# How to 'AND' and 'OR' probabilites?

Consider this question: A marksman fires at a target consisting of a central disk, and two concentrating rings. The probability of hitting the disk and ring are, $0.35, 0.3, 0.25$ respectively. What is the probability of missing the target?

Let,

$D$ = Event that marksman hit the disk

$R_1$ = Event that marksman hit the Ring 1

$R_2$= Event that marksman hit the Ring 2

Therefore, $$P(D)=0.35, P(R_1)=0.3, P(R_2)=0.25$$

I tried to solve it in two different ways:

AND way: $$P(\text{miss})=P(\text{miss disk AND miss Ring 1 AND miss Ring 2})\\=P(\text{miss disk})P(\text{miss ring 1})P(\text{miss ring 2})\\=(1-0.35)(1-0.3)(1-0.25)=0.34$$

OR way: $$P(\text{miss})=1-P(\text{hit})\\=1-P(\text{hit disk OR hit Ring 1 OR hit Ring 2})\\=1-(0.35+0.3+0.25)=0.1$$

What mistake am I doing? Which one is the correct answer?

Ever since I started doing Computer Science, {AND, multiplication, intersection, conjunction, min} feels like they are all same in my mind. And so is, {OR, addition, union, disjunction, max}.

So, for mutually excusive events, AND-ing probability is just multiplying them and OR-ing is just adding them. And since the hitting of disks and rings in my marksman example are mutually exclusive (can't hit disk and ring at same time), I should get same answer either way.

$P(A \mbox{ AND } B) = P(A) \cdot P(B)$ if $A$ and $B$ are independent.

$P(A \mbox{ OR } B) = P(A) + P(B)$ if they are mutually exclusive.

These are two very different conditions; in fact, independent events can never be mutually exclusive (or vica versa) unless one of the events is impossible.

In your case, "hit disk", "hit ring 1", "hit ring 2" are mutually exclusive, because they correspond to disjoint points on the target. So the "OR way" is correct.

You cannot solve this with the "AND way" because (say) "miss disk" and "miss ring 1" are not independent: Given that you've missed the disk, then you have a higher probability of hitting ring 1 than you started with.

For the AND way, you can only multiply probabilities if you know they are independent.
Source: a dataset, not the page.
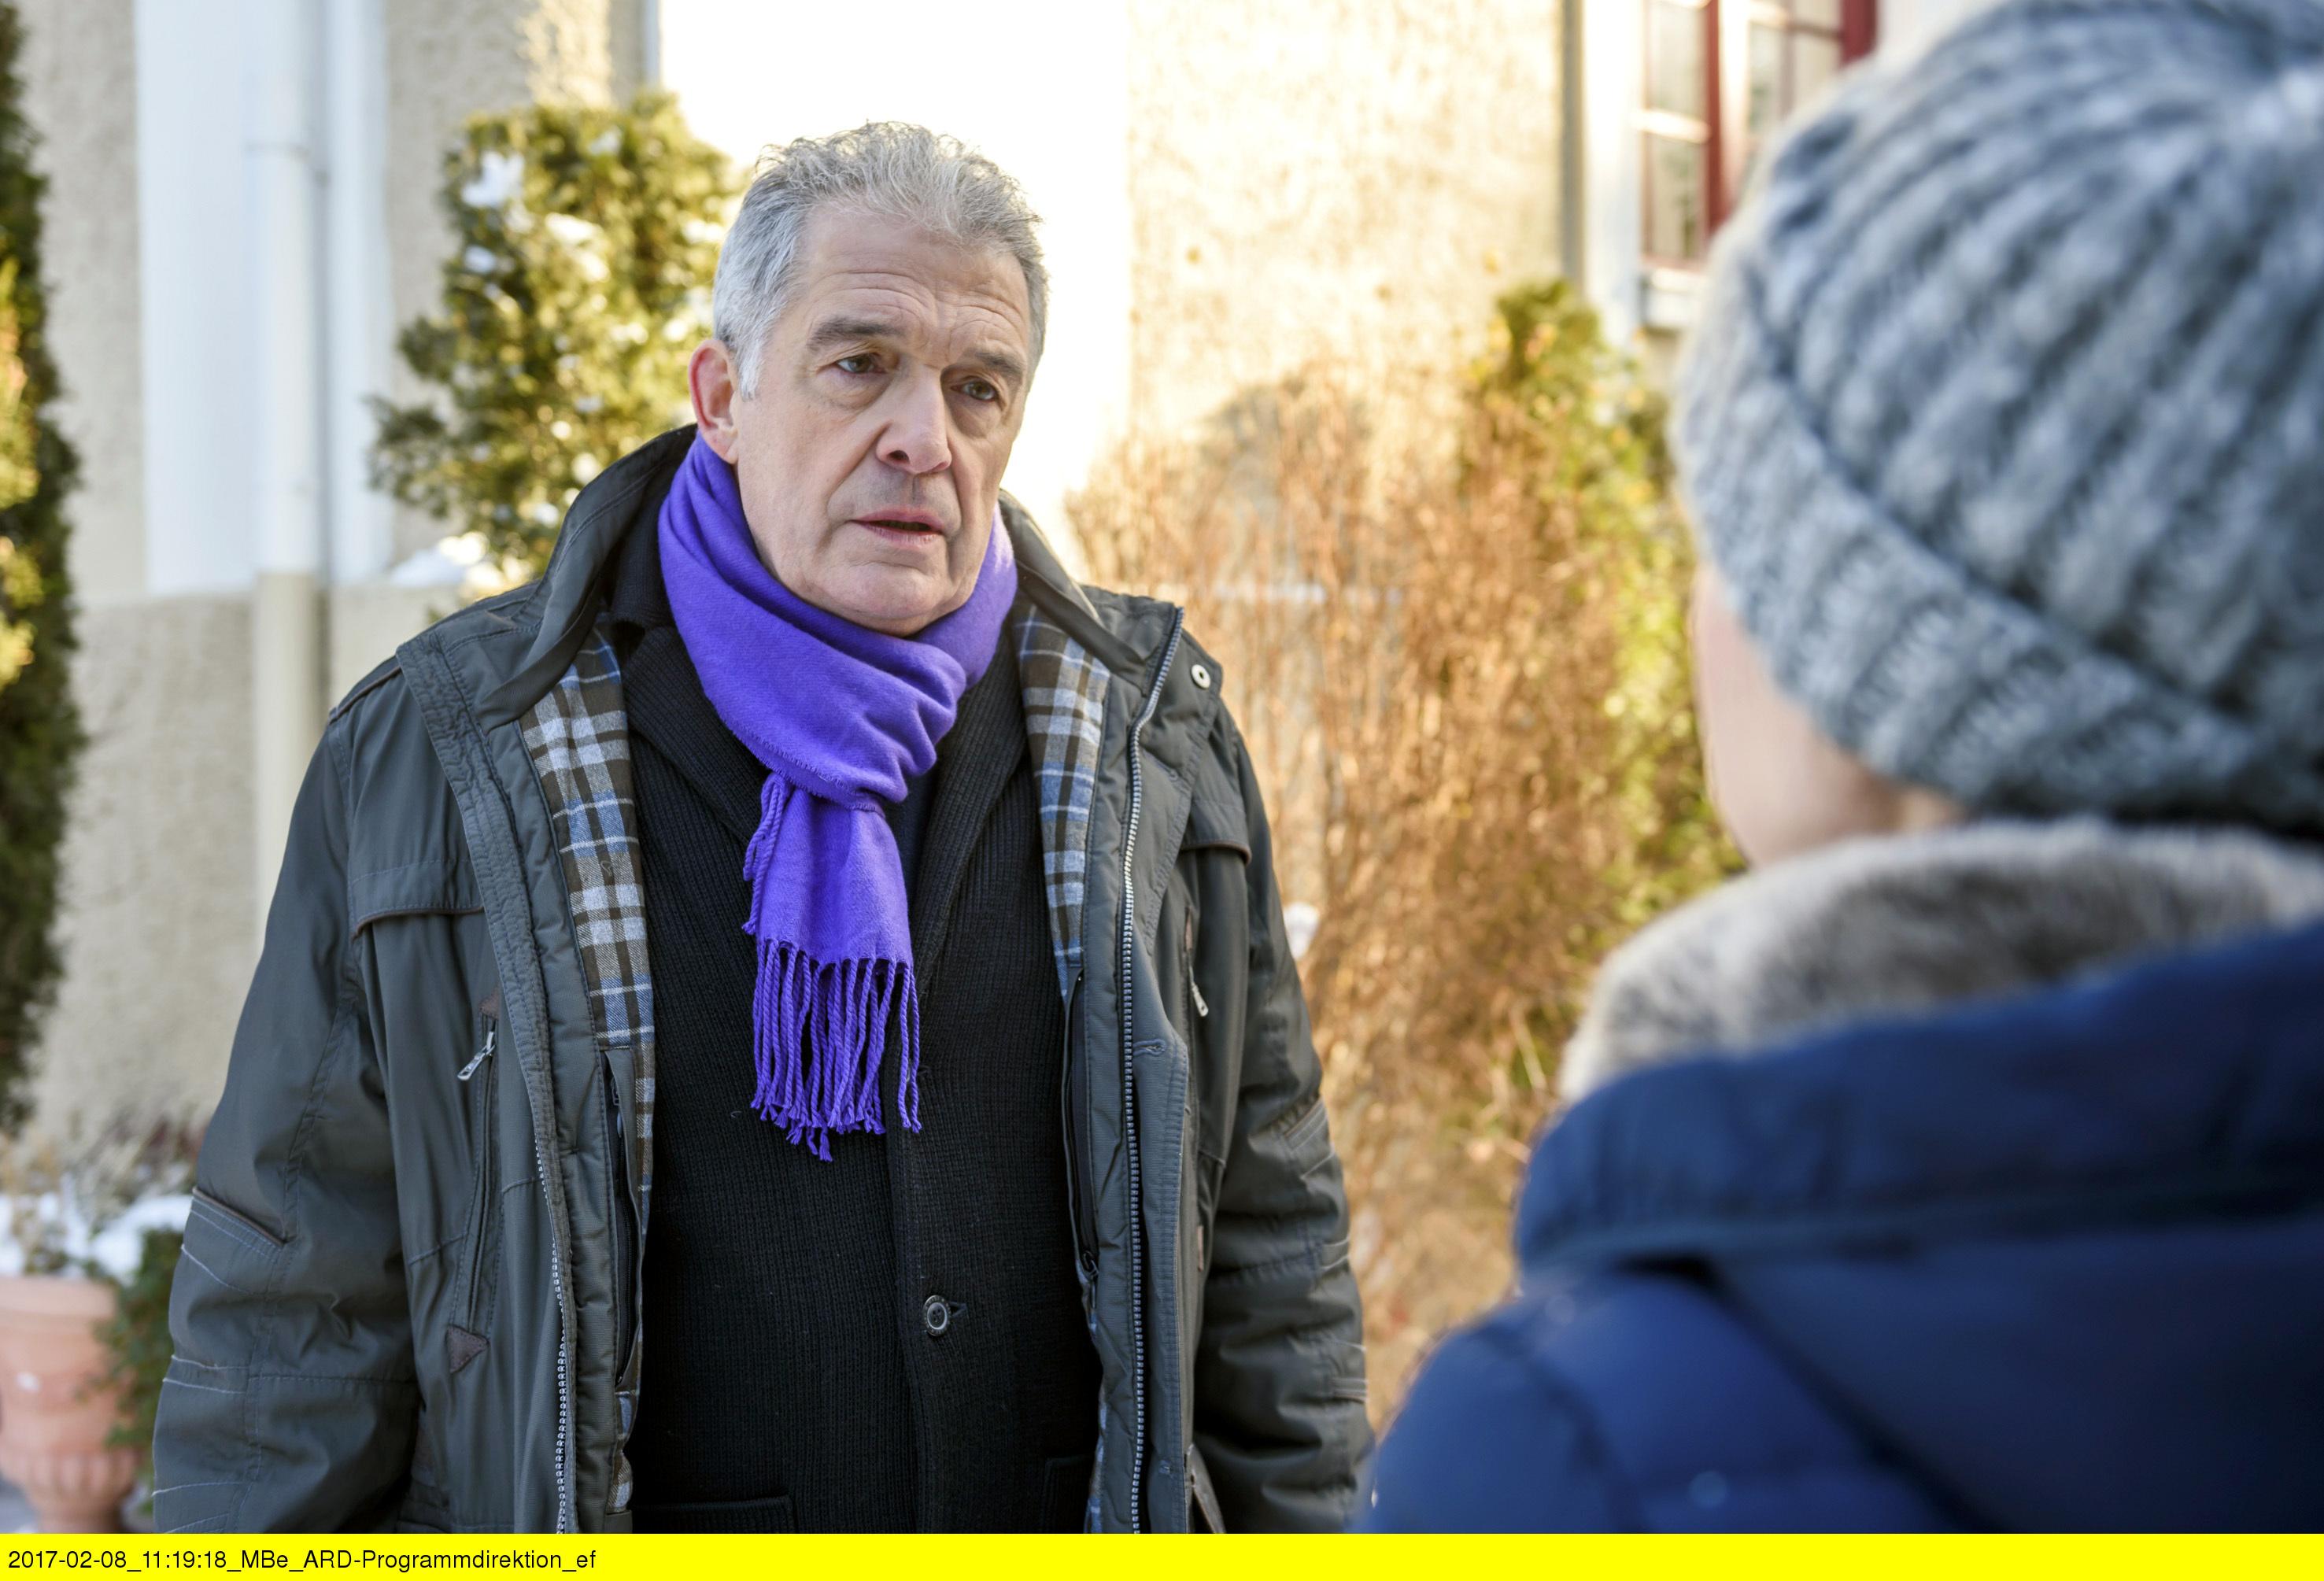 ARD STURM DER LIEBE FOLGE 2652, am Mittwoch (22.03.17) um 15:10 Uhr im ERSTEN. André (Joachim Lätsch, l.) will sich erst versöhnen, wenn Melli (Bojana Golenac, r.) sich beruhigt hat. (Quelle: ARD/Christof Arnold)

Since the events appear to be mutually exclusive, we know they aren't independent: Hitting the disk makes hitting a ring impossible, and similarly missing the disk makes hitting a ring more likely and thus missing a ring less likely (you know you didn't land in the ring region).

The correct approach is the OR one.

The experiment has one trial (one shot) and four outcomes (hit disk, hit ring 1, hit ring 2, miss). Since the four trials are mutually exclusive and collectively exhaustive, then: $$P(D)+P(R_1)+P(R_2)+P(M)=1 \Rightarrow P(M)=1-0.35-0.3-0.25=0.1.$$ If you want to use "AND" operation, then use addition rule: $$P(M)=P(D^C\cap R_1^C\cap R_2^C)=P(D^C\cup R_1^C\cup R_2^C)-P(D^C)-P(R_1^C)-P(R_2^C)+P(D^C\cap R_1^C)+P(D^C\cap R_2^C)+P(R_1^C\cap R_2^C)=1-0.65-0.7-0.75+0.35+0.4+0.45=0.1.$$

What you found in "AND" case was an experiment with three trials (three shots) and four outcomes. Namely $P(D^C)P(R_1^C)P(R_2^C)$ shows the probability of missing disk, then ring 1, then ring 2 in three independent shots.